What’s the trend forecast for 2023? According to Pinterest, we’ll see an uptick in sci-fi fashion, mushroom decor, and—from its corporate perspective—combining machine learning with user curation to continue to fuel Pinterest’s recommendations.

Last year was tough for tech platforms, with companies from Alphabet to Amazon missing analyst expectations, enacting cost-cutting plans, and reducing headcount. For Q3, although Pinterest’s growth slowed year over year, the company’s earnings report served as a rare bright spot after it beat analyst expectations for both revenue and earnings per share.

Bill Watkins, Pinterest’s chief revenue officer, said that this year the company will be focused on user growth and engagement, shopping, and ultimately monetization. At CES 2023 in Las Vegas and in a follow-up phone conversation, we spoke with him about how tech investments will power those strategic goals.

This interview has been edited for length and clarity.

Tell me about Pinterest’s 2023 priorities.

At the enterprise level, we have three core focus areas this year: user growth and engagement, shopping, and monetization…A majority of our Pinners are telling us that they come to the platform not just to get inspired, but also to shop. We’ve got nearly half a billion users around the world, but I think just as interesting, we have hundreds of billions of pins, or objects, that have been organized into single-digit billions of collections, or boards—these are products that people are going to go buy, or things that they’re going to go do, in their real lives. At that scale, when a majority of our Pinners are telling us they’re coming to shop, it’s our responsibility to make shopping ubiquitous on the platform.

In monetization, I’m having my team focus on [a few] key areas. The first is that it’s my aim for the team to be the industry-leading, full-funnel advertising solution…and the second is advertiser value…One example of how we’re investing in first-party solutions is our conversion API. If we think about the future…and where the industry is going in this tagless and cookieless environment, we think conversion API is a good first-party solution.

For those three priorities, what are the specific tech investments you’ll make to help achieve those goals?

We will absolutely continue to reinvest in computer vision. Basically, anything that can train off of the dataset that we have and that can render better results for our Pinners, we will be investing in, heavily, into next year. Because it will help further all three of our enterprise-level investments in user growth and engagement, shopping, and monetization.

Asked in follow-up: Can you elaborate on Pinterest’s computer vision goals?

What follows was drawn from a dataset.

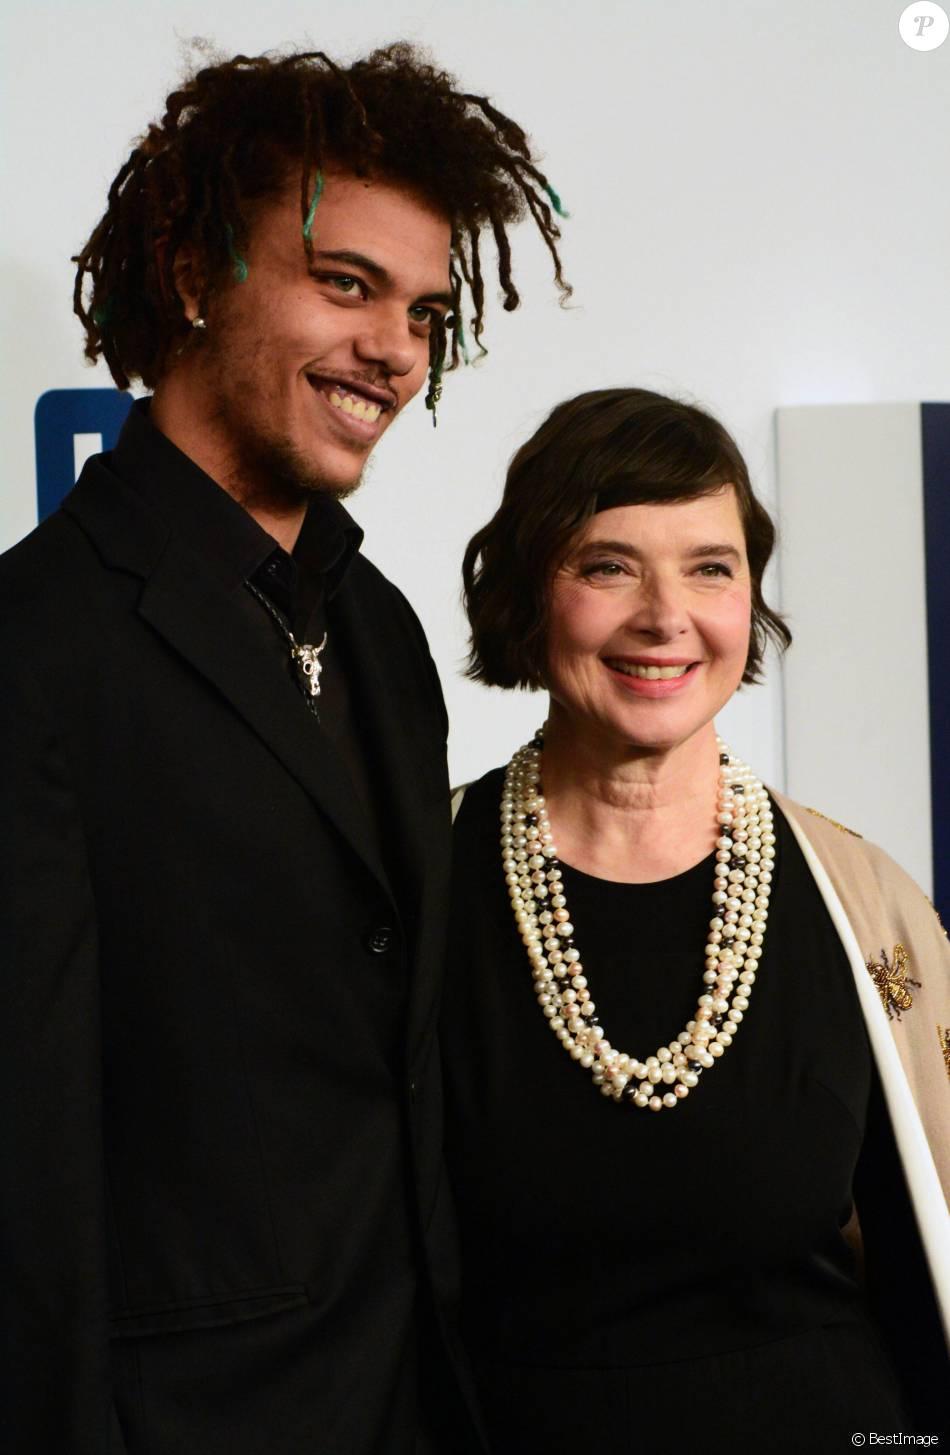 Isabella Rossellini et et son fils Roberto Rossellini Jr à la première de 'Joy' au Ziegfeld Theatre à New York, le 13 décembre 2015.
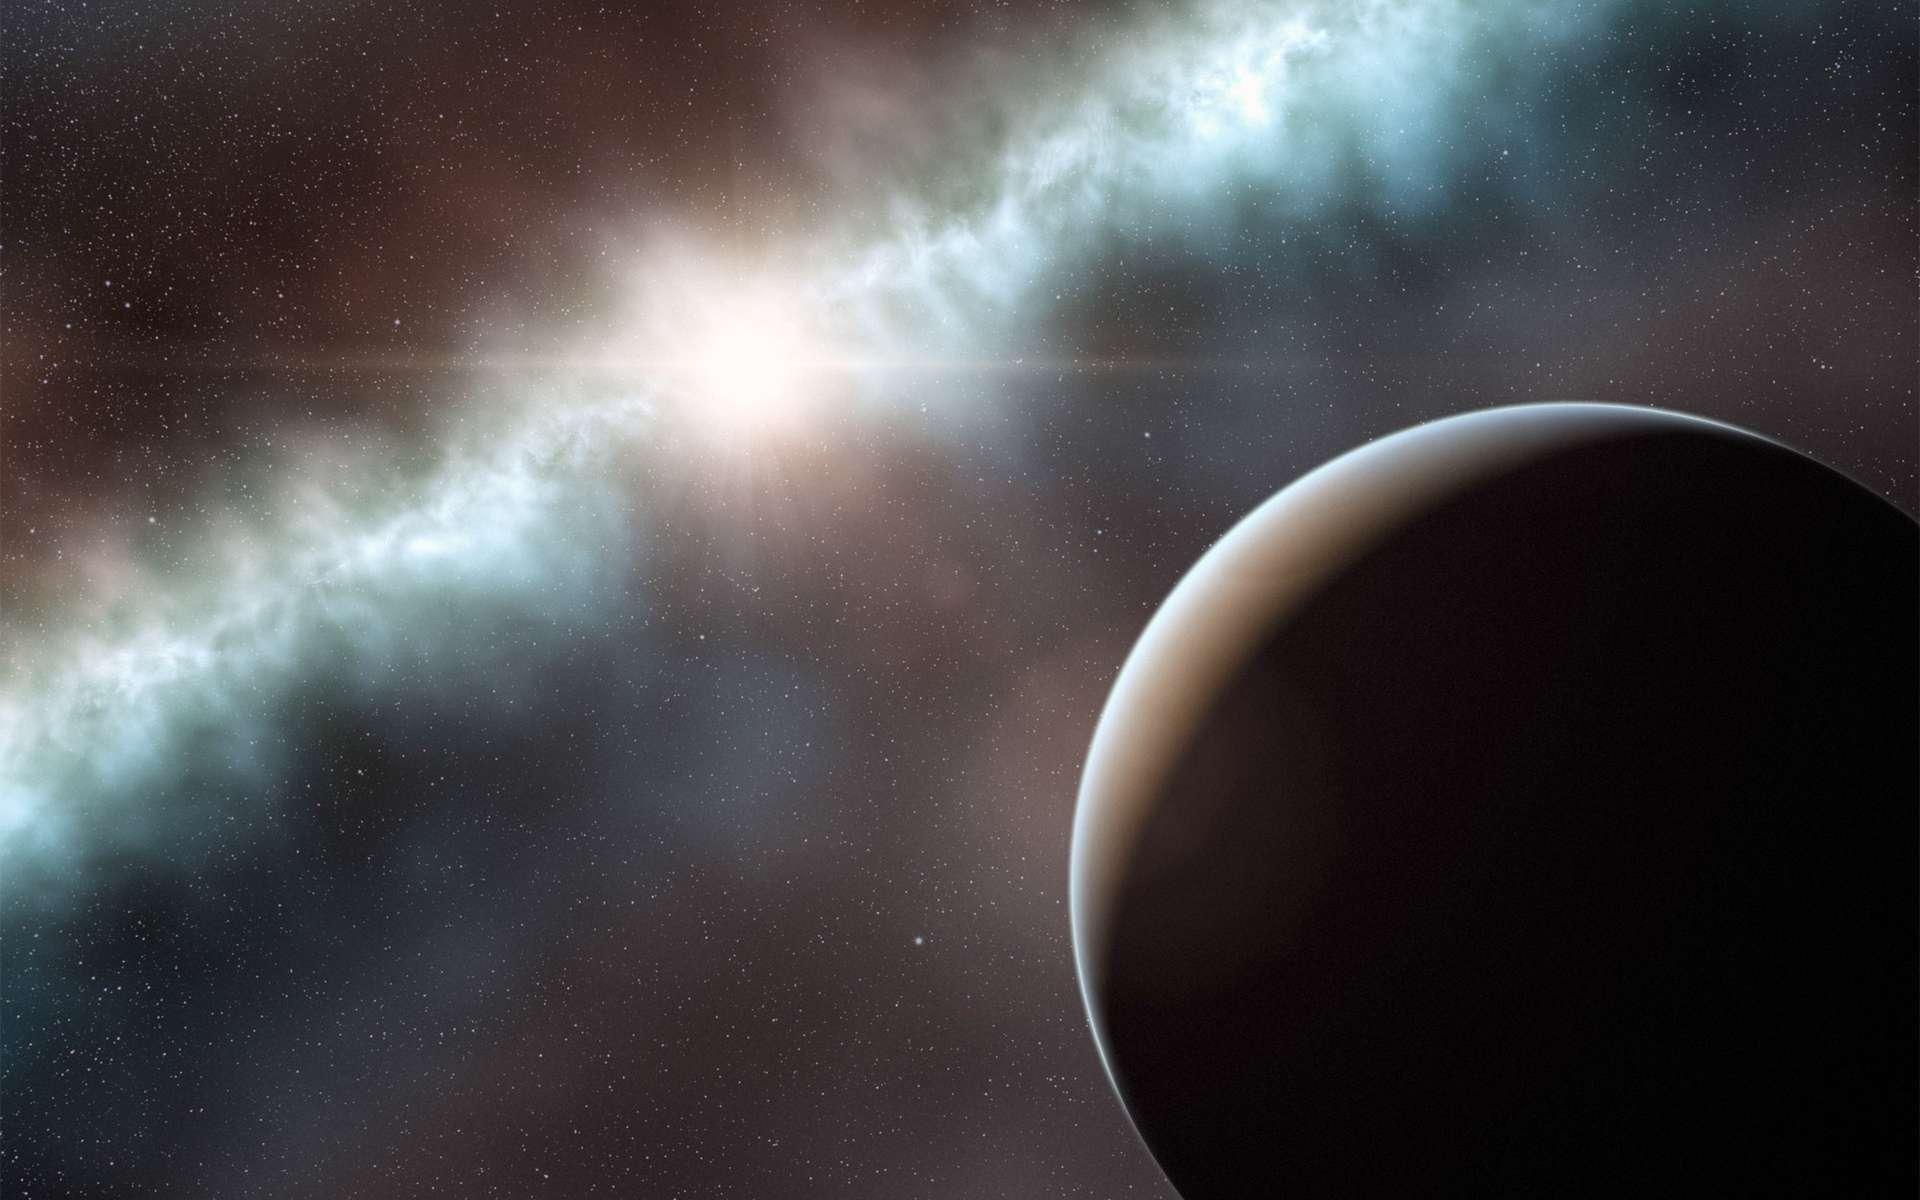 Des astronomes vont utiliser un radiotélescope de plus de 100 mètres pour écouter 86 planètes susceptibles d'offrir des conditions favorables à la vie. © ESO/L. Calçada

We largely use computer vision to show our users recommendations, be that for the next outfit they want to buy, the next meal they want to cook, the next place they want to travel to. We’re also using computer vision to show these highly relevant, highly engaging, and oftentimes highly shoppable recommendations. When I think about investments in computer vision, I really think about three primary sub-investment areas within that category: The first is to understand everything in an image…so we use that technology to really understand and then tag everything in a given image. Second is to help people select anything in an image online, help them find related ideas, and go buy those things…and then third, is to use the camera on your phone to search in the world around you—using your camera, if you will, as a query…and then for us, we take that, understand what it is, and then render results based on computer-vision technology…At the end of the day, we’re using it to supply the most relevant, inspiring, and shoppable recommendations to our users, because that’s what they want.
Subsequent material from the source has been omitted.